-- DATASET EXCERPTS --
-- Opening Marker --
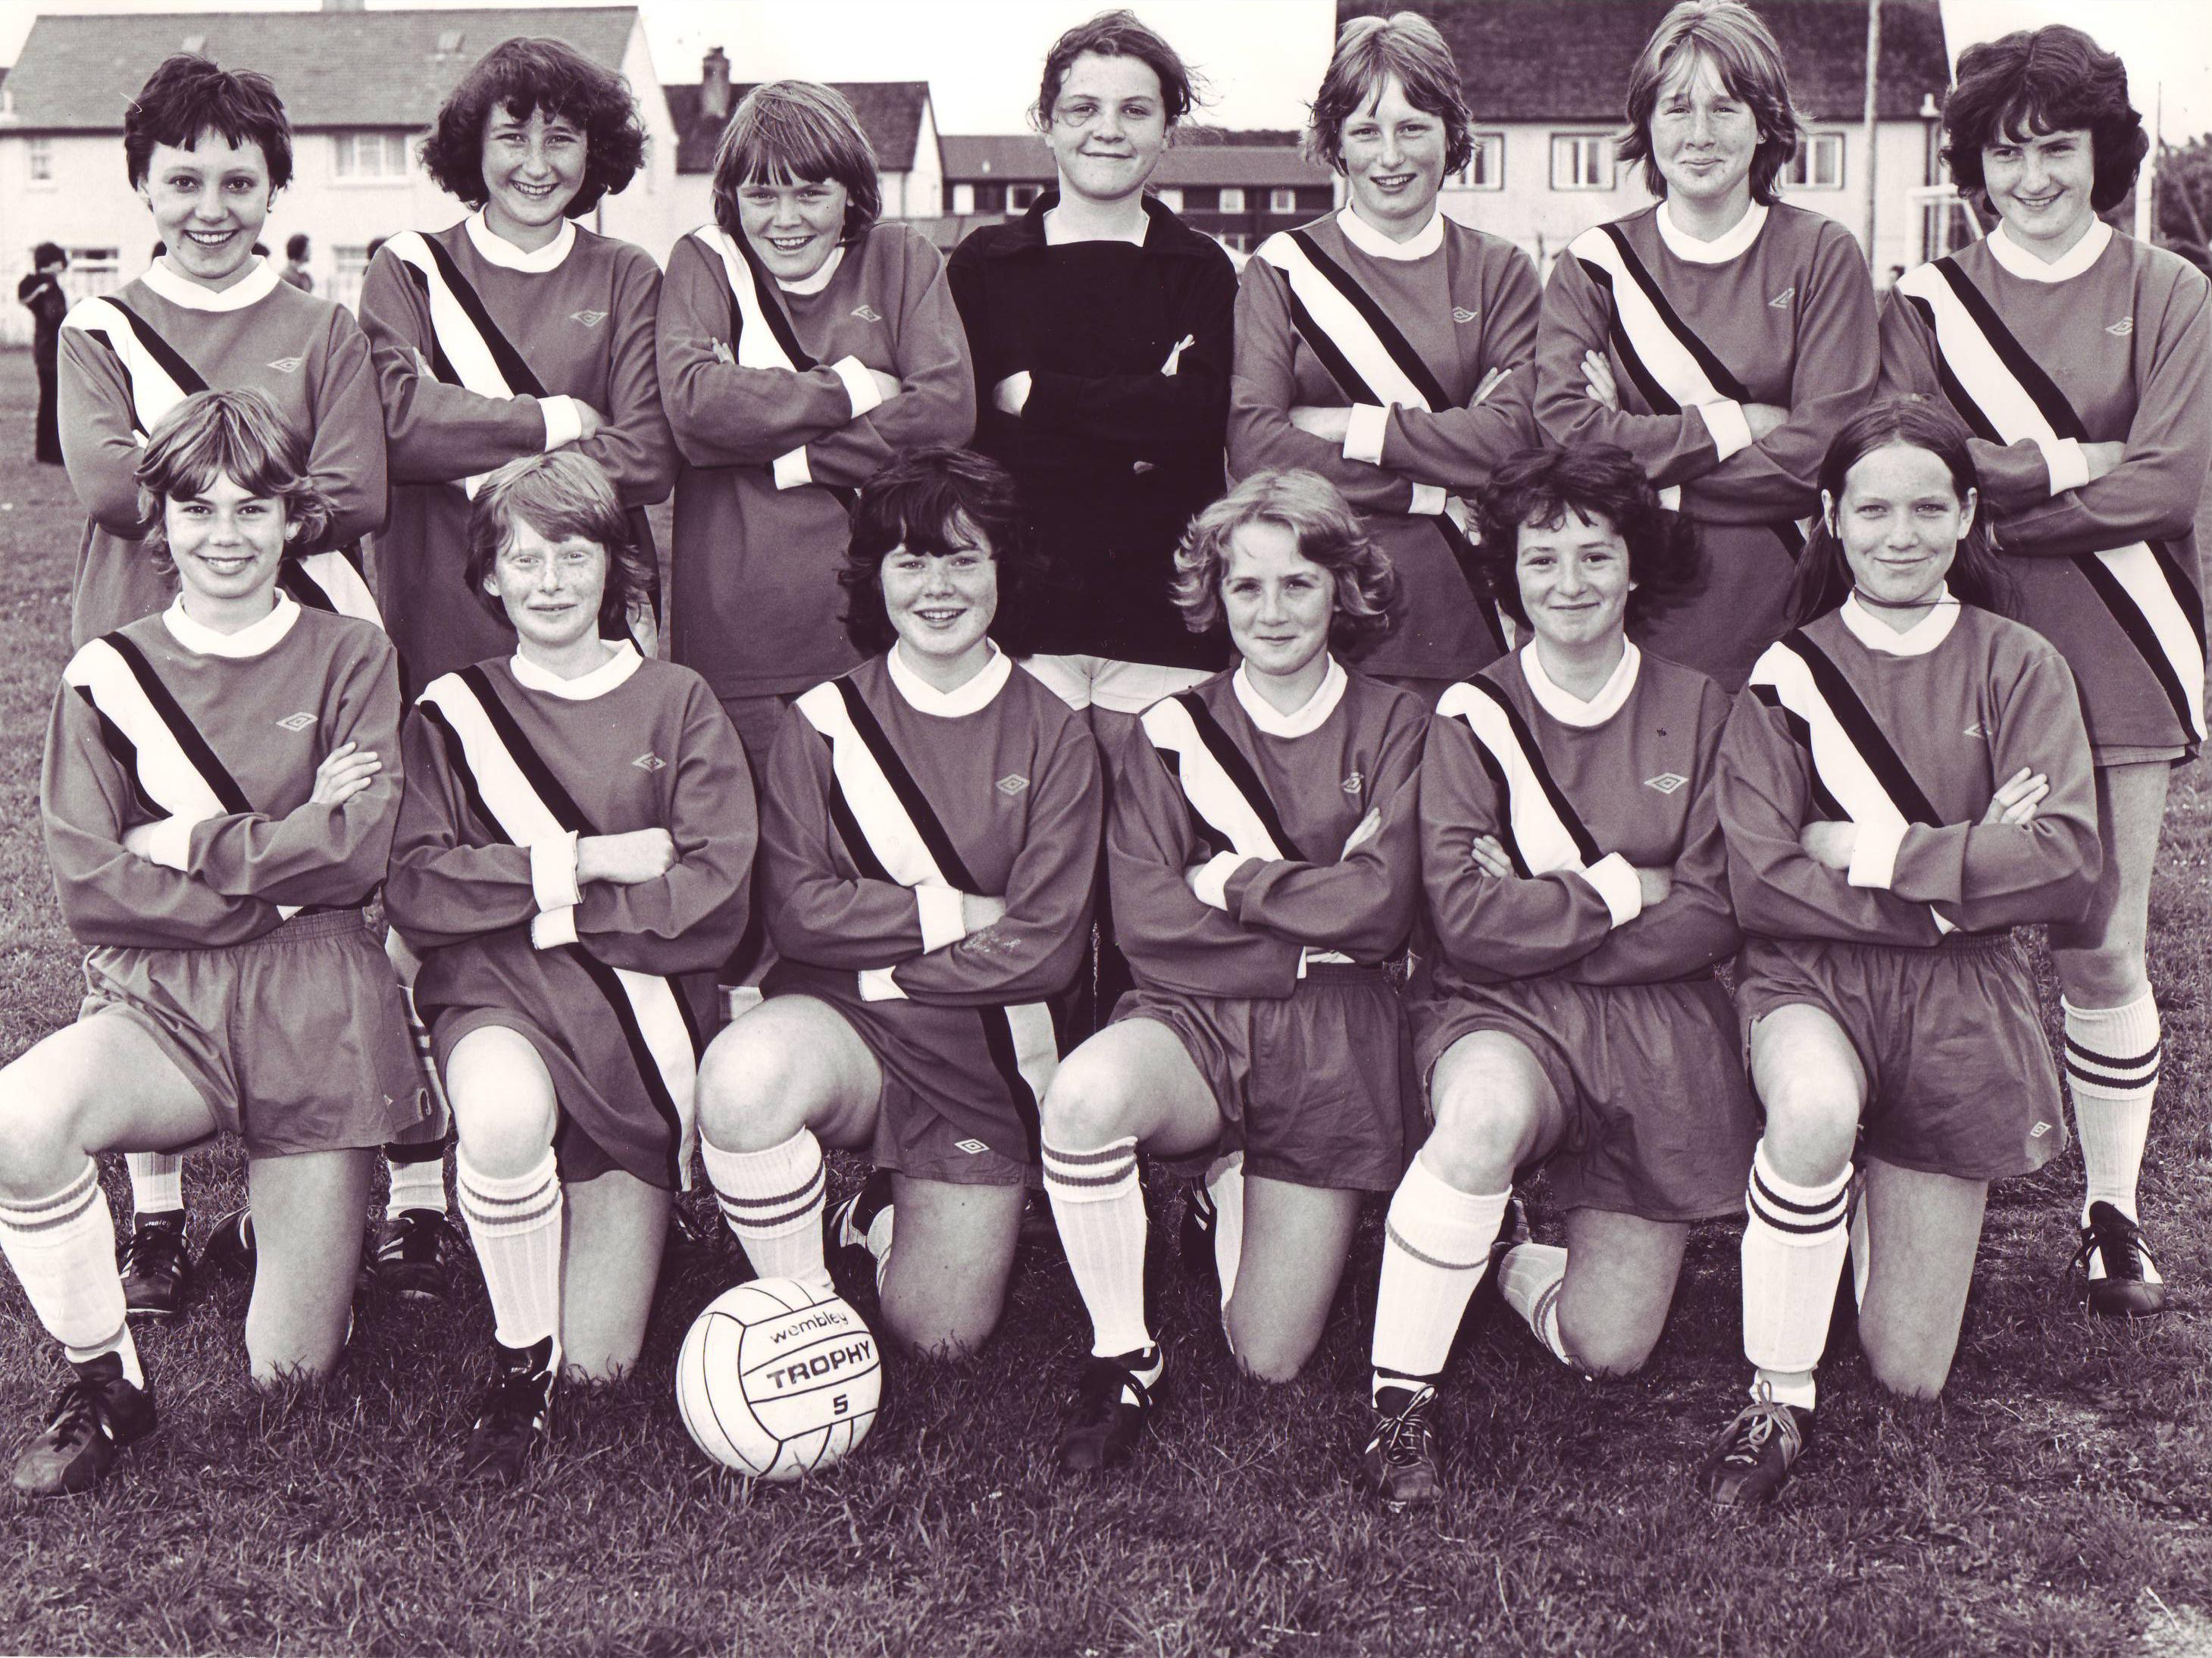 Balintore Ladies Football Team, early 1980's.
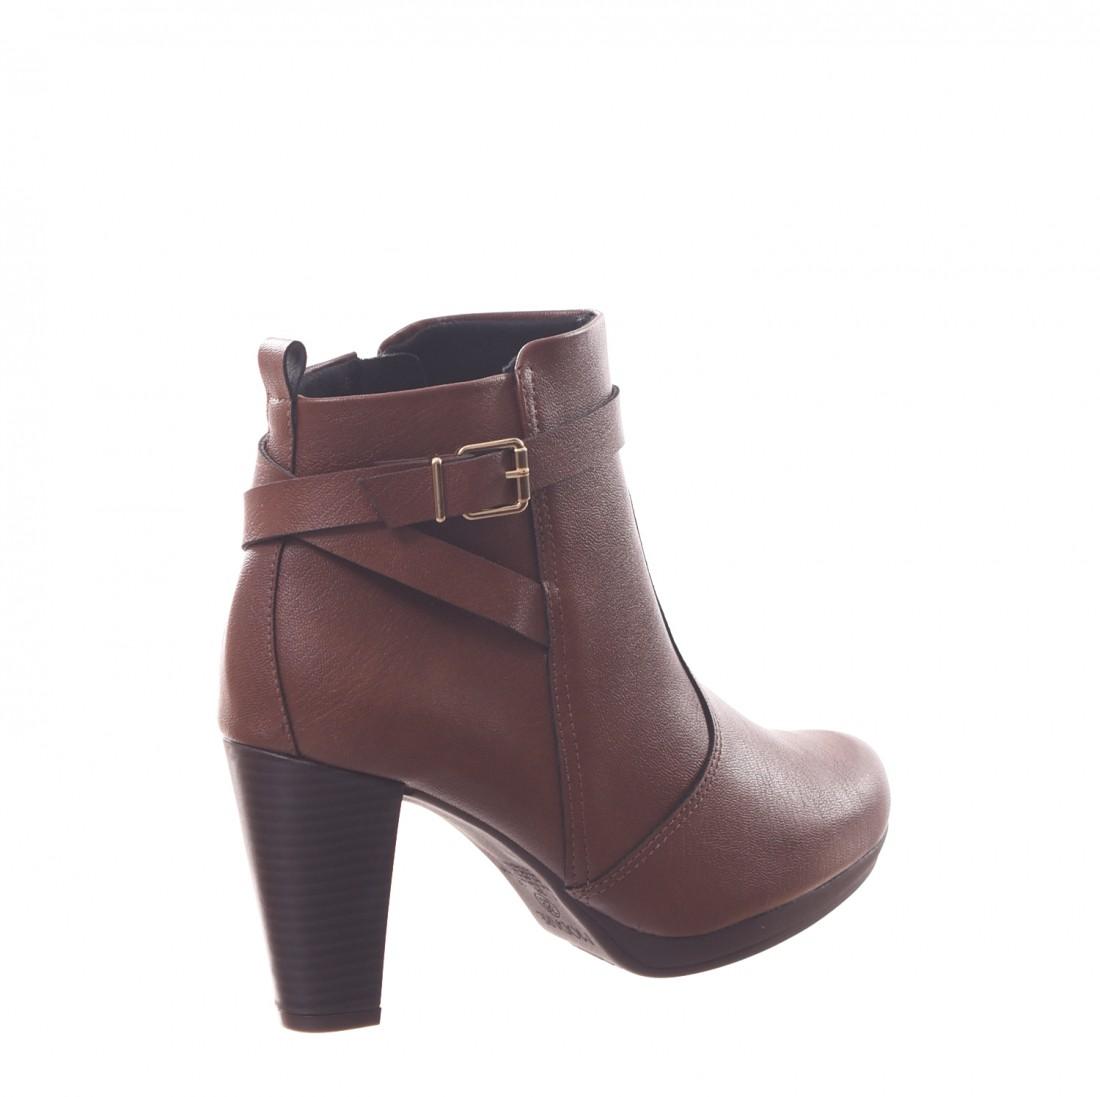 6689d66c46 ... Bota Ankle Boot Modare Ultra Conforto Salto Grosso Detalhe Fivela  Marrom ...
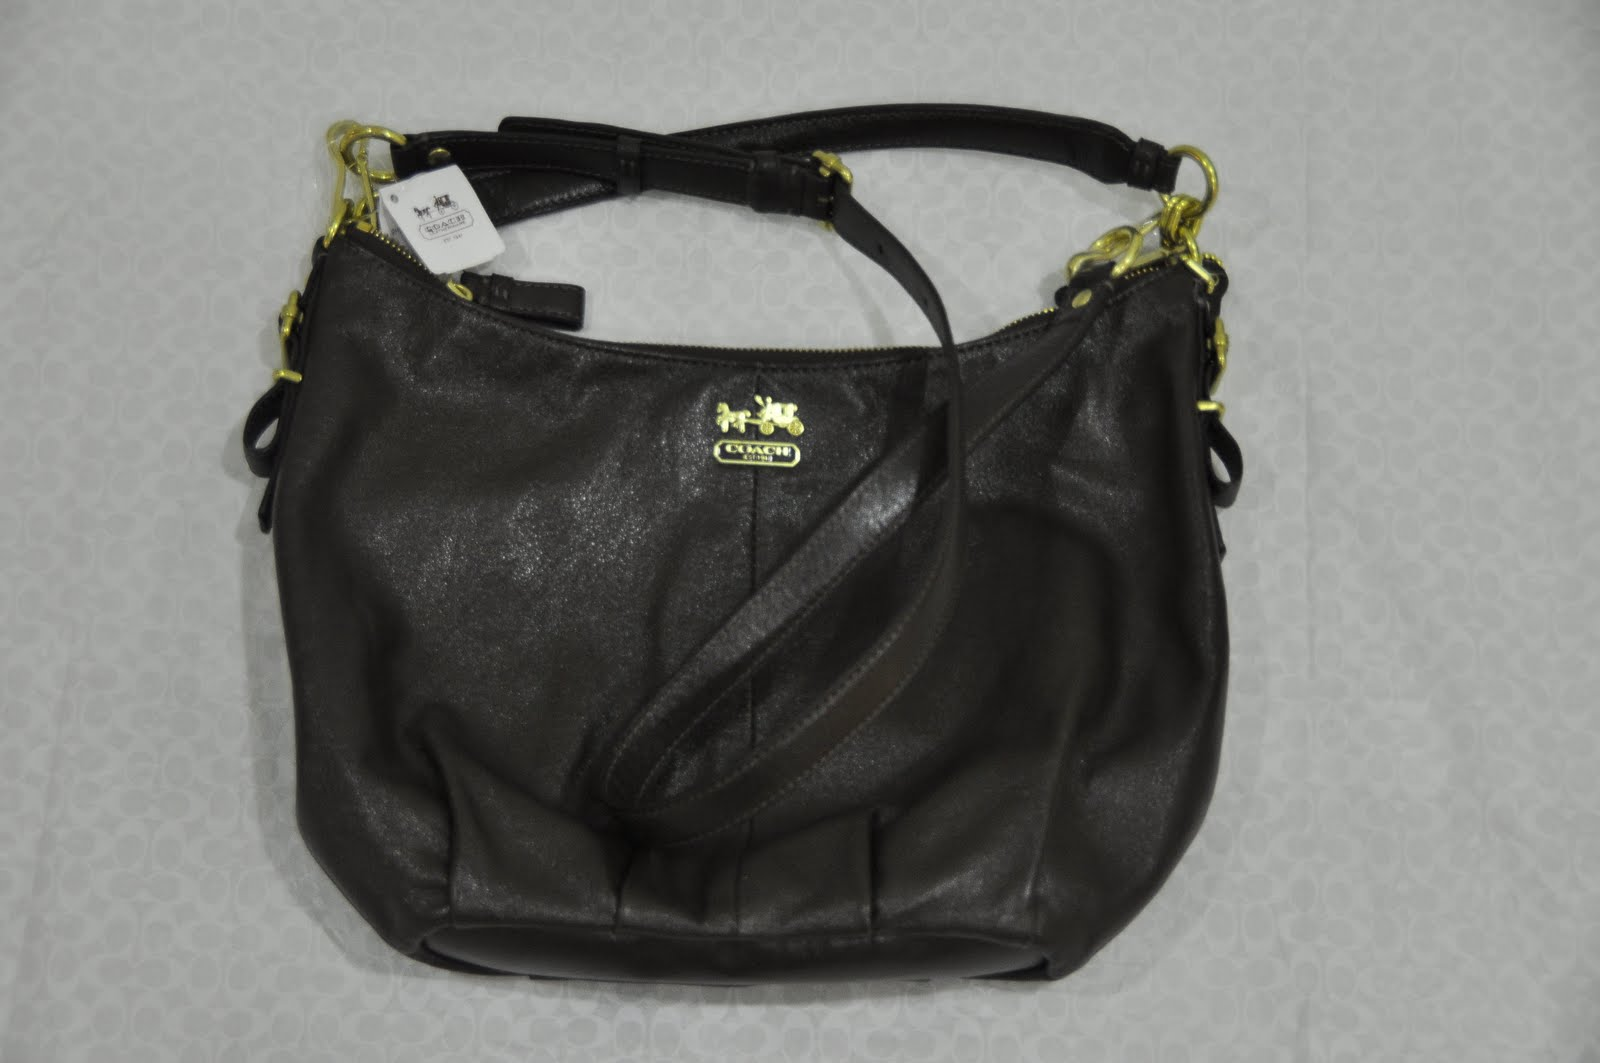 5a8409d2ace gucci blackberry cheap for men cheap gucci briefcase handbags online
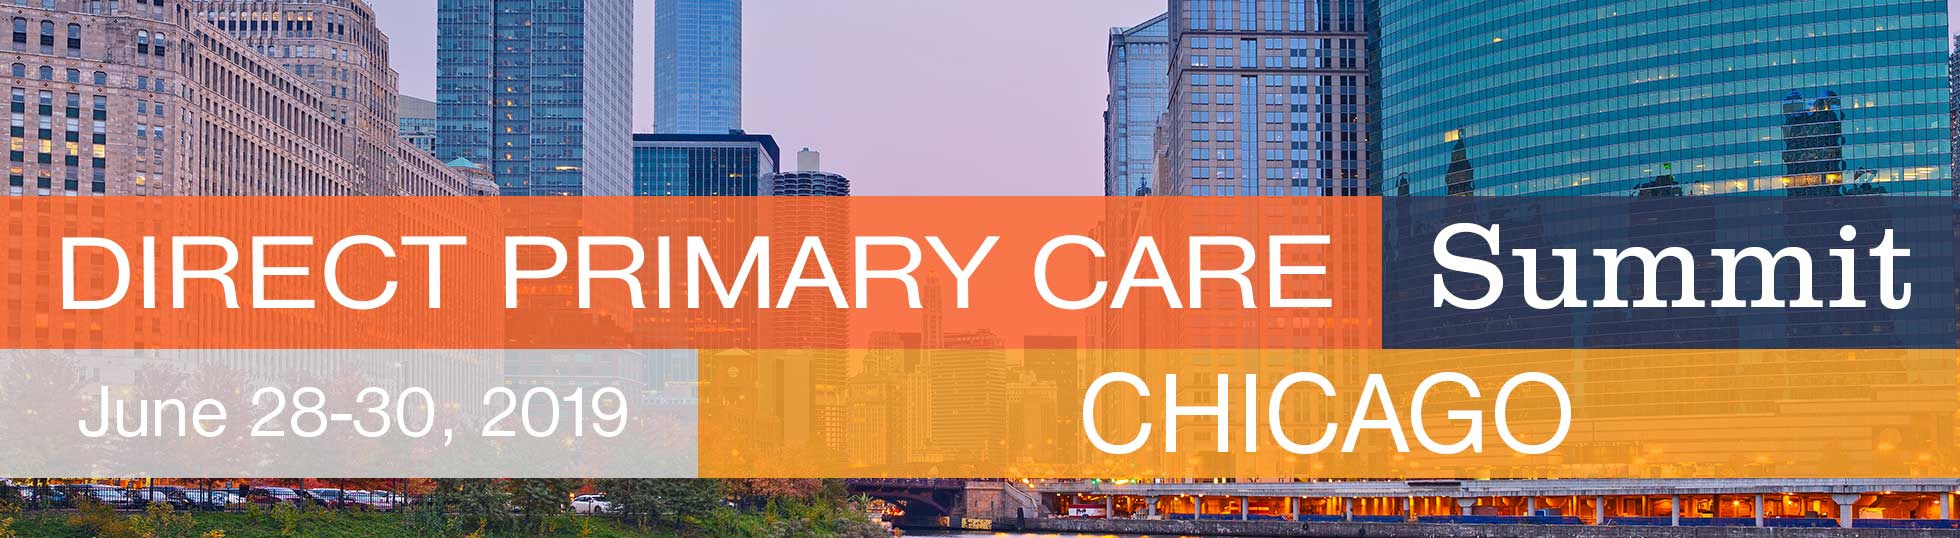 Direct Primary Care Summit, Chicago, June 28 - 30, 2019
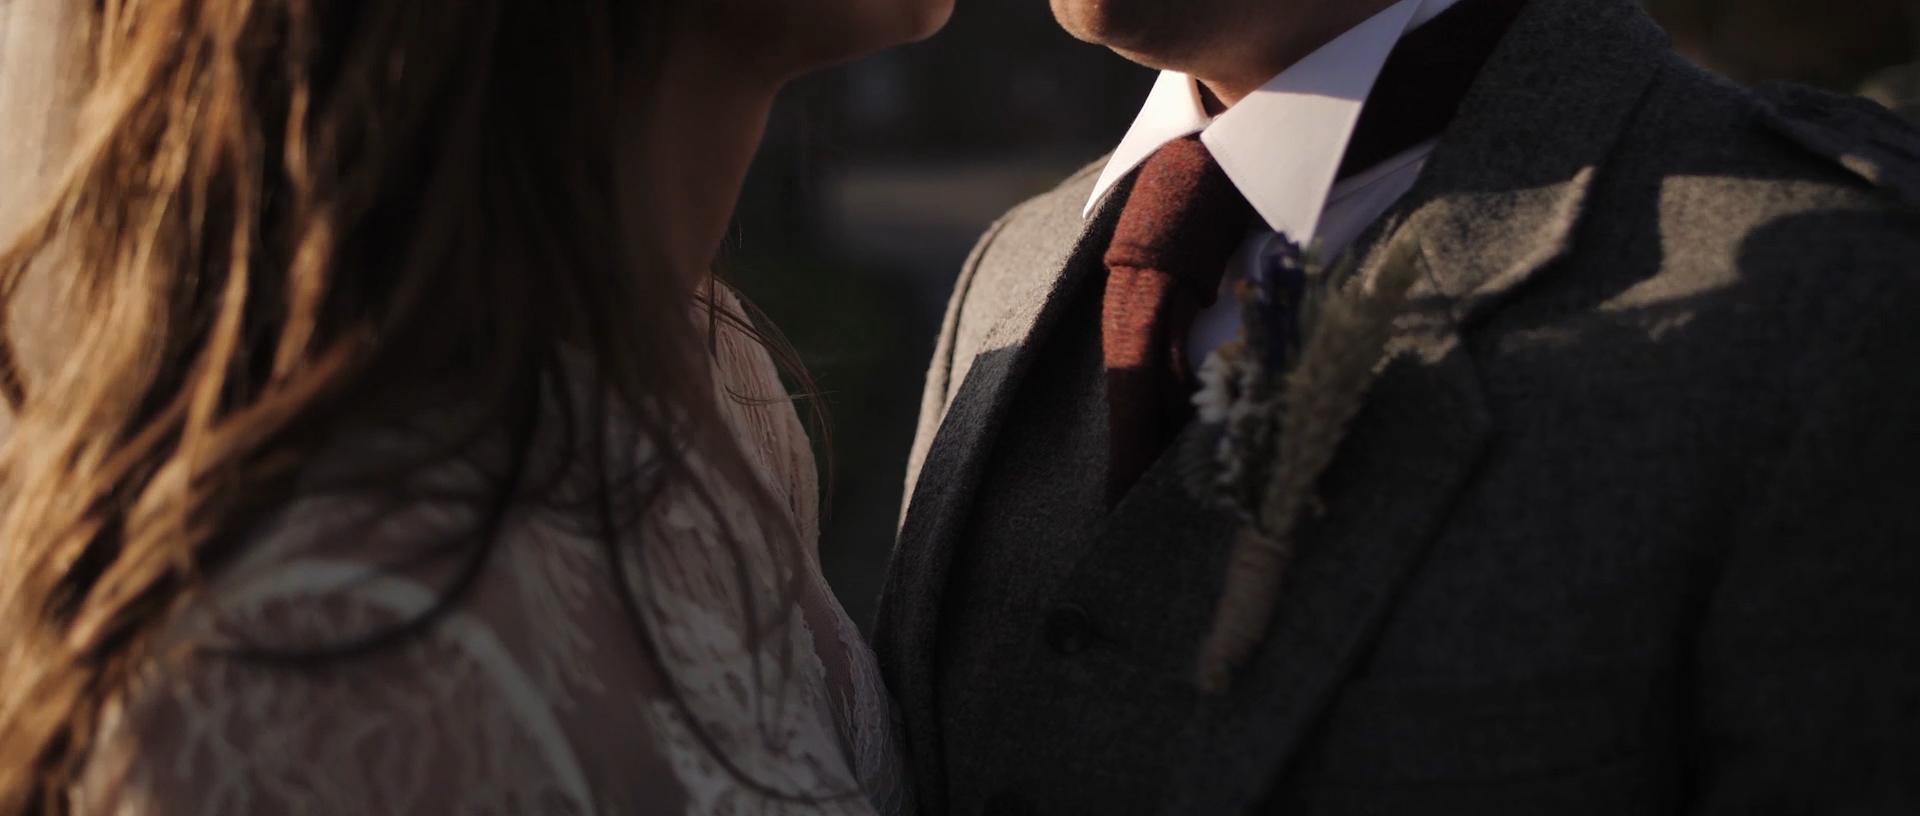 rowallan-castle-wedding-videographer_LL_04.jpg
-- Closing Marker --
Write every entry out again exactly, images omitted.

 Balintore Ladies Football Team, early 1980's.
 6689d66c46 ... Bota Ankle Boot Modare Ultra Conforto Salto Grosso Detalhe Fivela  Marrom ...
 5a8409d2ace gucci blackberry cheap for men cheap gucci briefcase handbags online
 Direct Primary Care Summit, Chicago, June 28 - 30, 2019
 rowallan-castle-wedding-videographer_LL_04.jpg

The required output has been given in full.